The LO Comp Rule, which implements the DFA's statutory authority confirms this personal liability through its changes to Reg. Z's definitions. Specifically, the change to ? 1026.36 (a)(1)in the LO Comp Rule clarifies the definition of "loan originator" to mean either the individual LO or the company.

The following is from the CFPB's small business compliance guide which seeks to use plain language explanations for the Rule (although it still warns you that you need to see the actual Rule for details): "A "loan originator" is either an "individual loan originator" or a "loan originator organization." "Individual loan originators" are natural persons, such as individuals who perform loan origination activities and work for mortgage brokerage firms or creditors. "Loan originator organizations" are generally loan originators that are not natural persons, such as mortgage brokerage firms and sole proprietorships"

TILA is confusing for a lot of reasons, but one of the biggest areas of confusion in the LO Comp and Ability to Repay rules are the differing obligations imposed on "Creditors", "Loan Originators", and "Loan Originator Organizations". These definitions are critical in determining who is responsible for any obligation under TILA. LO comp is one of the few times where the obligation extends all the way down to the individual LO, but the liability is potentially huge. I don't know about the issue from the LO's perspective (ask an attorney; see below) - does the borrower have a life of loan defense? As best I understand it, the life of loan defense is true as it relates to foreclosure but the remedy is not a free house, it is three years of interest and other fees (loan, attorney) - a monetary judgment. So there shouldn't be any runs on any particular company.

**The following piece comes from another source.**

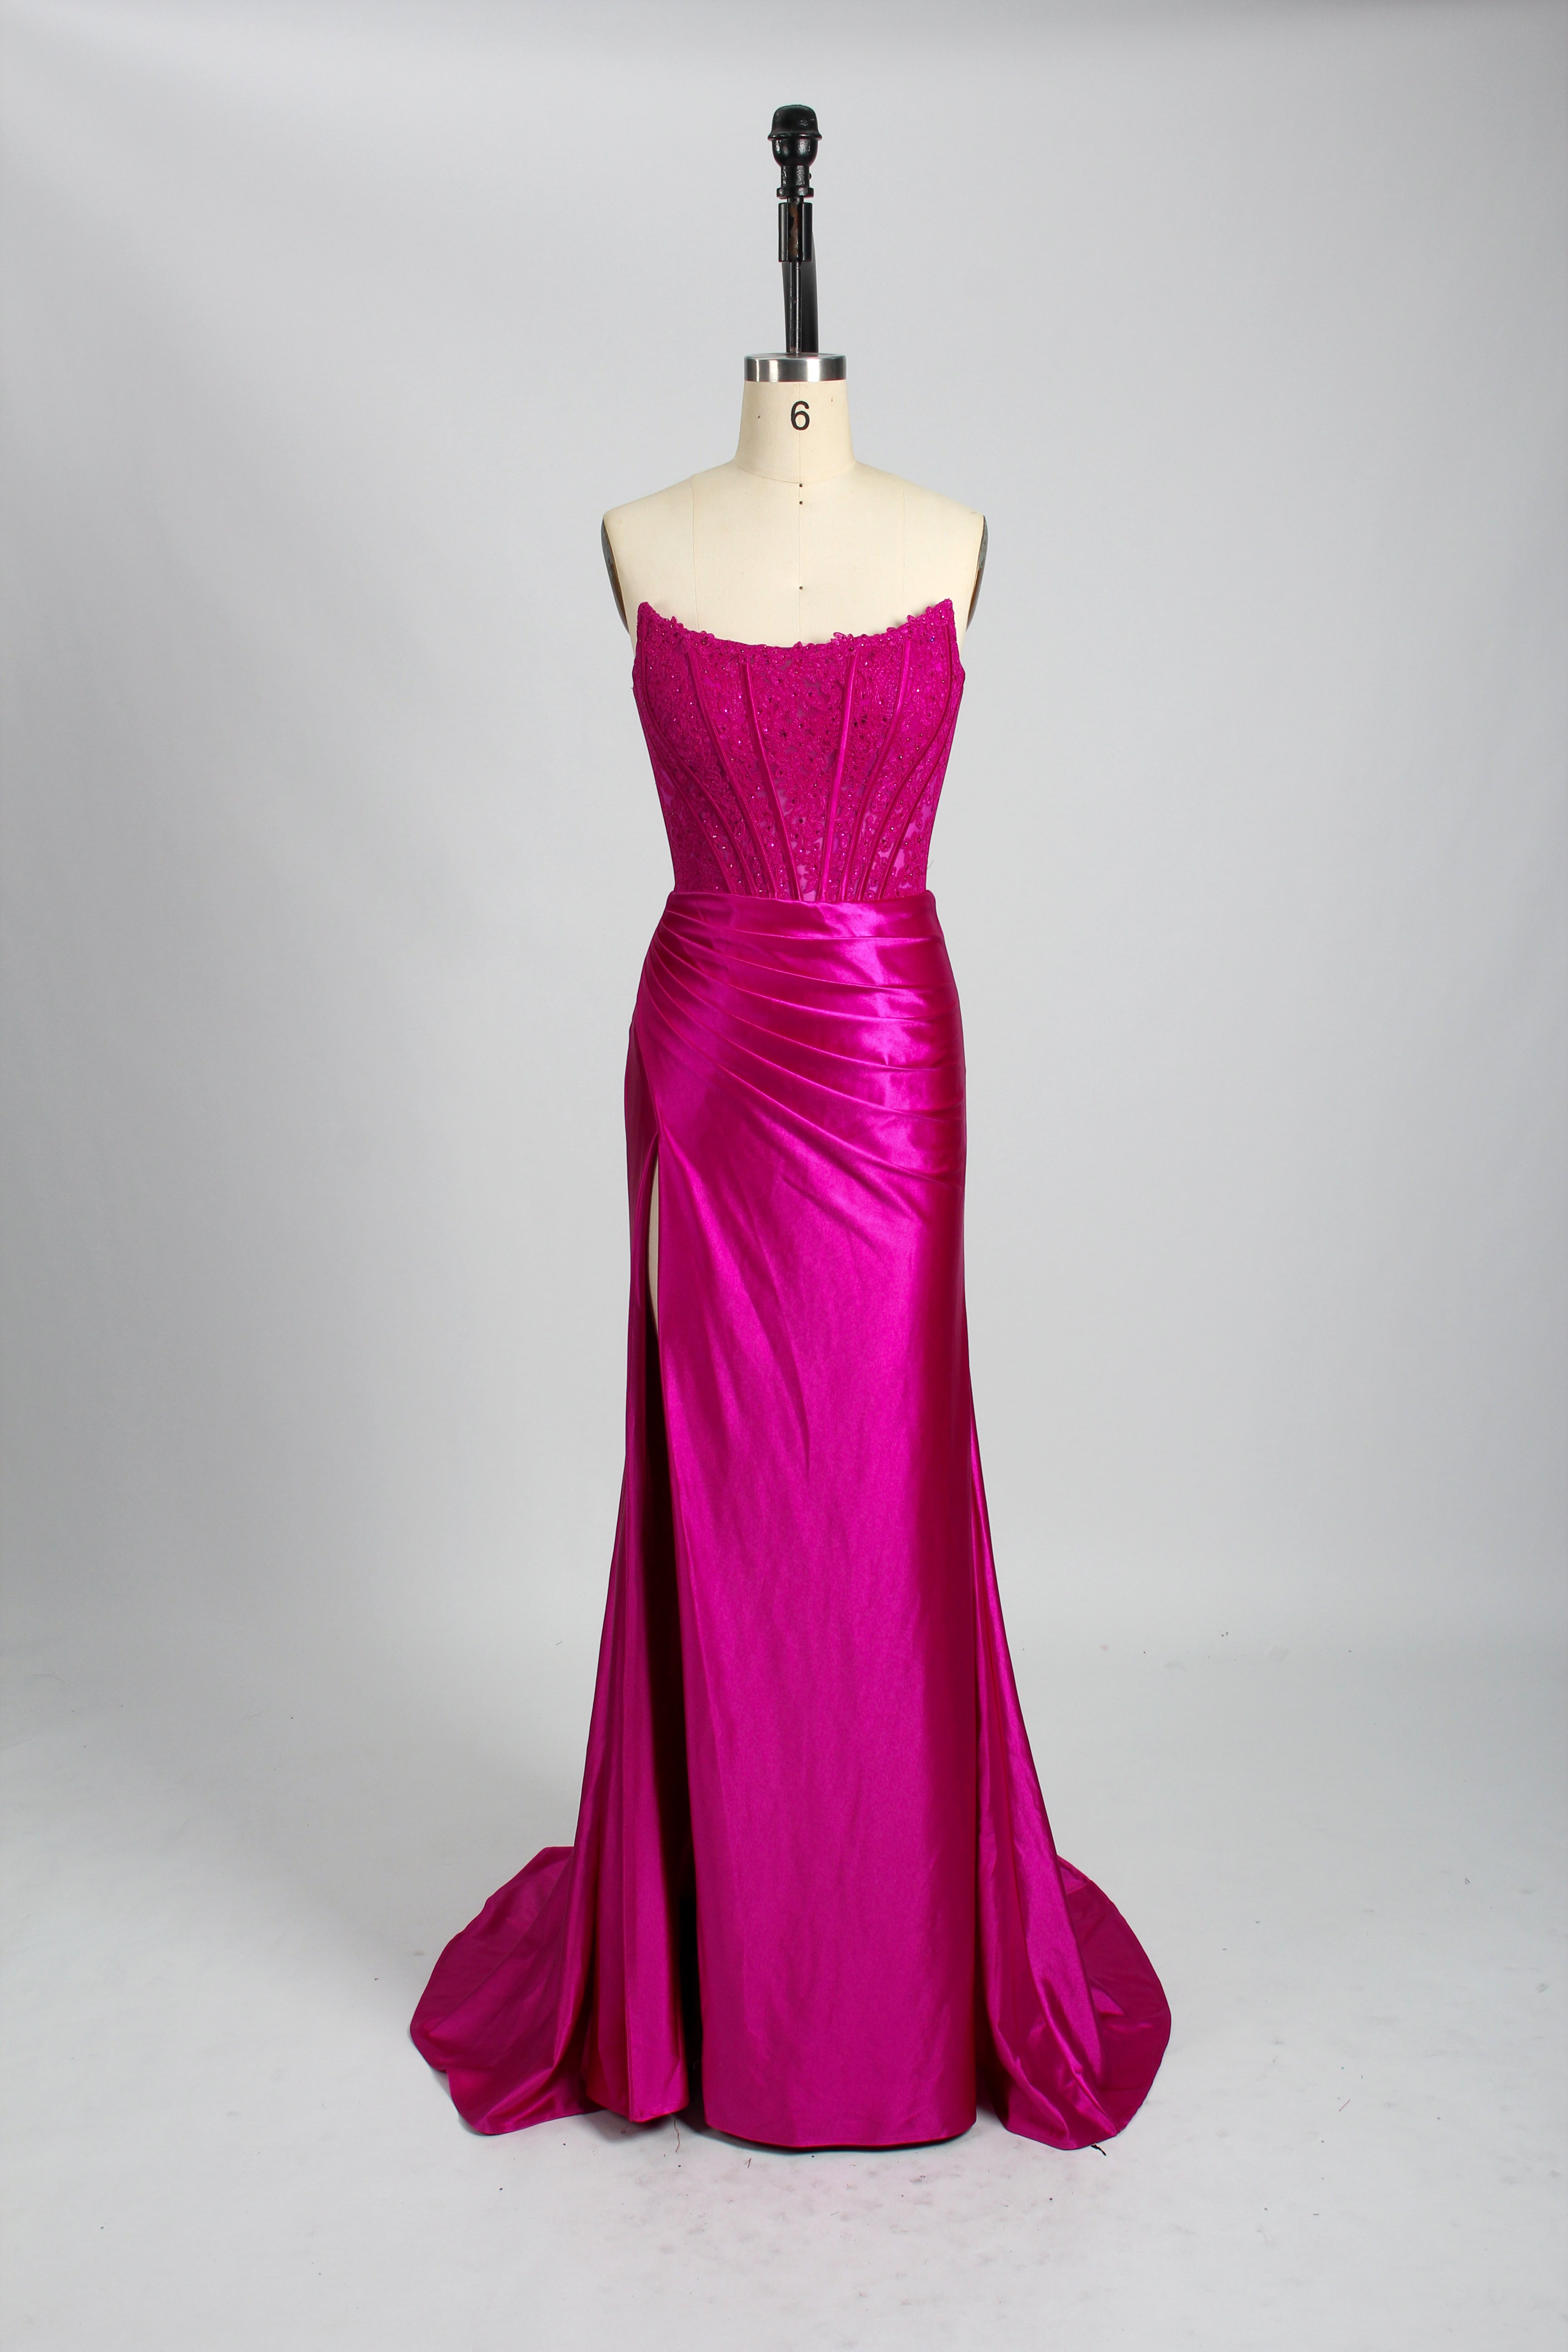 Honey Couture AUGUST Hot Pink Strapless Embellished Bustier Satin Mermaid Formal Dress

Attorney Brad Hargrave (MedlinHargrave) writes, "Loan originator compensation is one area of Truth in Lending and Regulation Z wherein someone other than a creditor; namely, the loan originator, can also be held liable for a violation. The citation in support of this proposition is found at 15 USC ?1639b(d)(1) which provides, in pertinent part, that 'for purposes of providing a cause of action for any failure by a mortgage originator, other than a creditor, to comply with any requirement under this section, and any regulation prescribed under this section, section 1640 shall be applied with respect to any such failure by substituting 'mortgage originator' for 'creditor' each place such term appears in each such subsection.' And, ?1640 is that section of TILA that imposes civil liability for various TILA violations, including those sections regarding LO Compensation. (I have not addressed the recoupment and setoff issues in the event of foreclosure in the context of the LO, given that an LO would not be the party initiating the foreclosure; and thus, this section really isn't applicable to an LO)."

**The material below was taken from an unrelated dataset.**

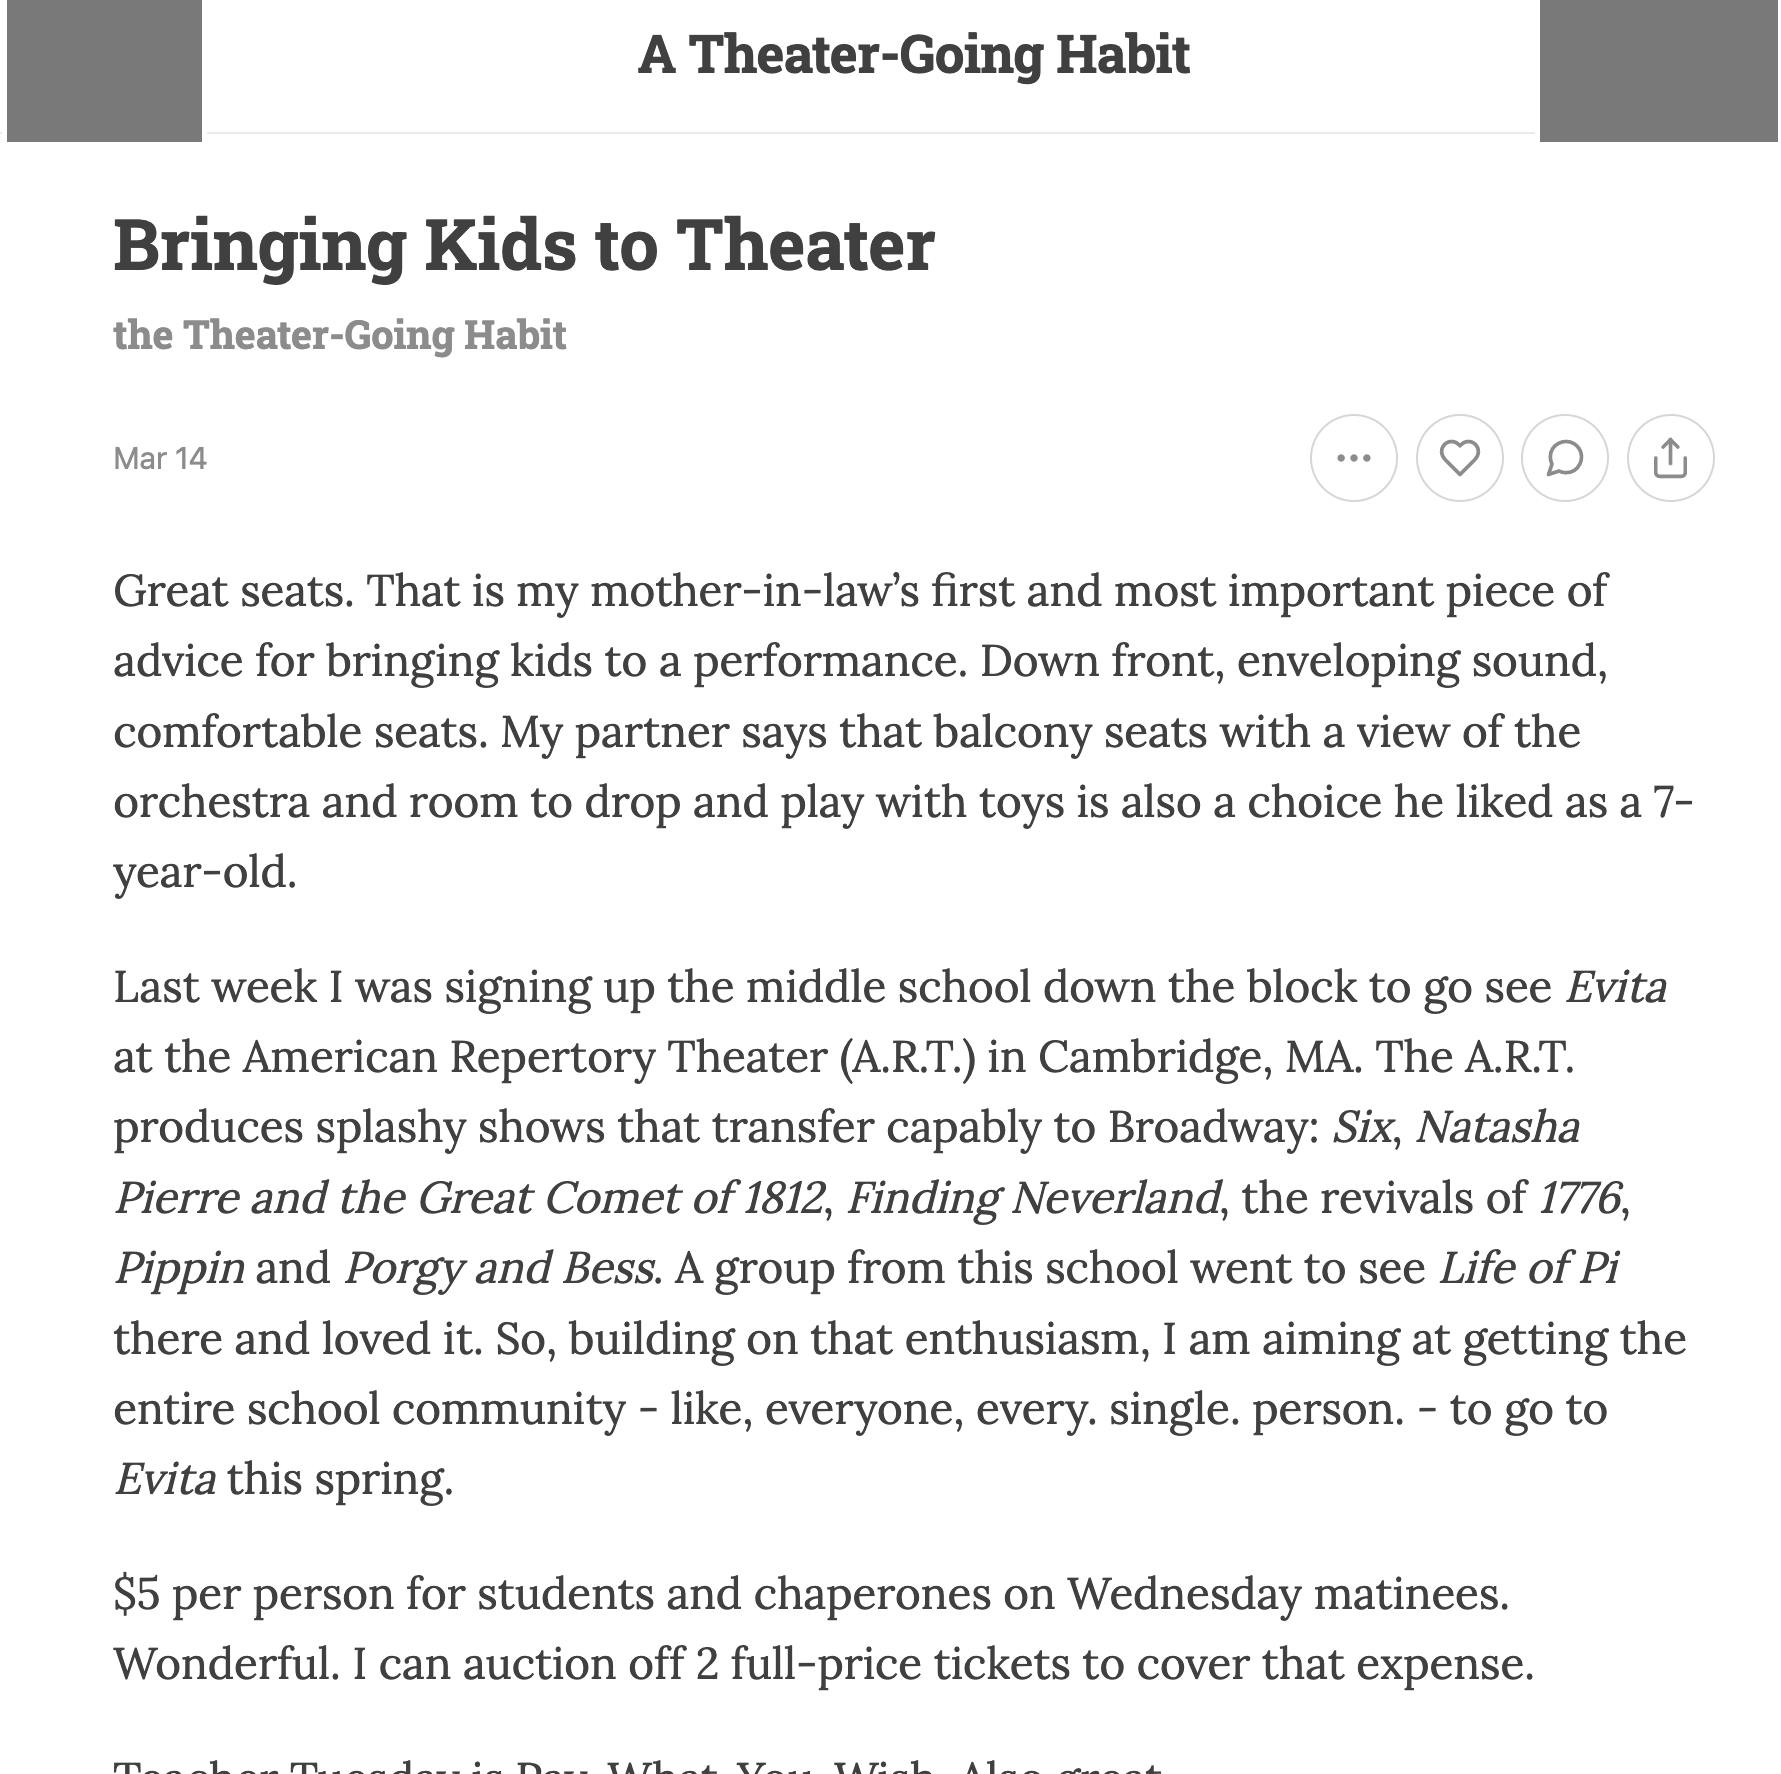 A Theater-Going Habit, Newsletter and Community by Katie O’Neill

Mr. Hargrave's note continues, "The penalties are potentially severe. In an individual civil action brought by a consumer, the creditor who paid the violative compensation could be liable to the borrower for actual damages, plus twice the amount of any finance charge in the transaction (capped at $4,000), plus an amount equal to the sum of all finance charges and fees paid by the consumer (unless the creditor can demonstrate that the failure to comply is not material), plus reasonable attorneys' fees and court costs if the borrower were to prevail. The loan originator's exposure to such a claim (per 15 USC ? 1639b(d)(2))is the greater of actual damages to the consumer or three times the total amount of direct and indirect compensation paid to the LO in connection with the subject loan, plus the costs to the consumer of the action, including reasonable attorneys' fees. In addition, the CFPB could sue the creditor and the loan originator in Federal District Court and seek any one of a number of remedies, including restitution and/or disgorgement, and appropriate injunctive relief, as to all loans wherein the LO received unlawful compensation. It is also possible that the matter could be referred to another agency for enforcement."